Improve the speed you access and update data
Making your data updates and retrievals fast is important. However, the patience it takes to identify optimization options often means it gets put off, not done at all, or it’s just assumed it is as good as it can get. Using an outside source for this is a good idea because they have no preconceived notions about the data and they are not bogged down with their normal day to day tasks. Many companies just rely on their programmers to deal with optimizations but having a database expert dedicated to the task can often bring in a new perspective and a better focus.

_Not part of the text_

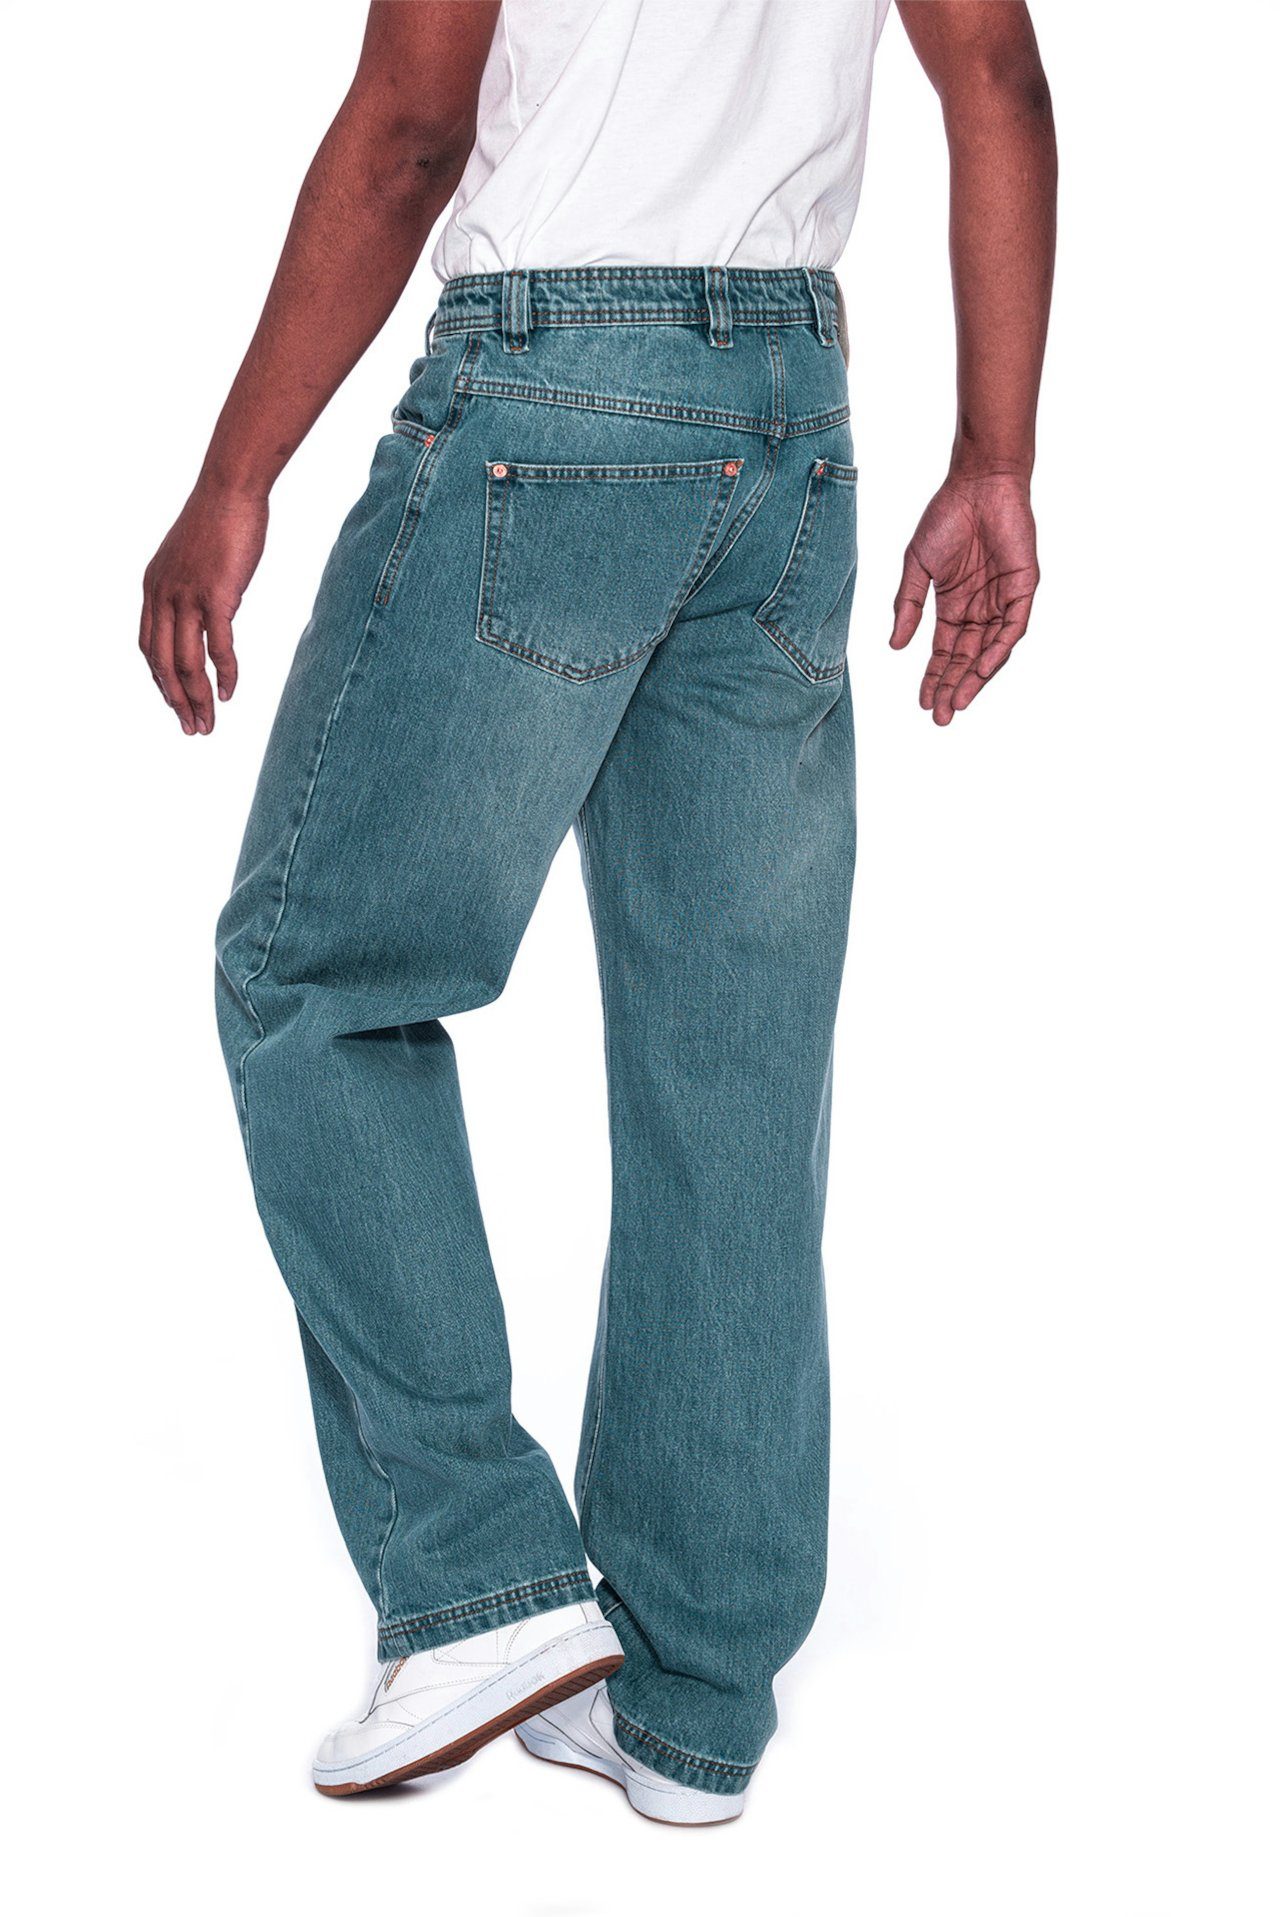 Jeans lässiger Zicco PICALDI Fit, Jeans 474 Baggy Straight Schnitt Enemy Weite Leg, Gerader

If your dataset is large or if your online database is performing many important transactions to support its primary function it might not be possible to improve the performance for reporting. You might need to move the data to an offline database (data warehouse) which is not handling all those transactions. This separate database server would run on a different physical server and be optimized for reporting as well as house other related data. An often overlooked benefit of an offline reporting database is having stable information that’s not constantly changing as it is in the online database; the updates from the live database are done on a schedule and people can analyze the data and make tweaks without everything changing the next time they refresh.
In some cases it’s easy to determine that an index or two needs added; sometimes it’s not as easy. Removing an index or suspending updates on an index while inserts are being done is more challenging to identify. In other instances you might need to look at where the slowdown is located. Should the optimization should be done in the code or within the database engine?
Where should you optimize?
I recently had a project where lots of formulas were stored in a database table. Initially, I wrote code that would step through each formula, get data from other tables to populate the formulas with values, perform the calculation, and then update another database table with the results. This step by step approach in the code was very useful for debugging because many off the calculations depended on previous calculation and the order was critical. However, the execution took over an hour. I was executing too many individual database update statements. After confirming my logic was correct, I worked on the performance. I created code to dynamically create very large SQL statements rather than many smaller statements. Database engines are highly optimized and with my new SQL and the right indexes the execution time for the entire process dropped from around 70 minutes to only a few minutes to generate the same few hundred thousand records.
The key take away here is to not block yourself into a particular solution; instead think about the process as a whole. It can also be a cost effective solution to have an outside consultant come in and do a short-term contract to help with your optimization.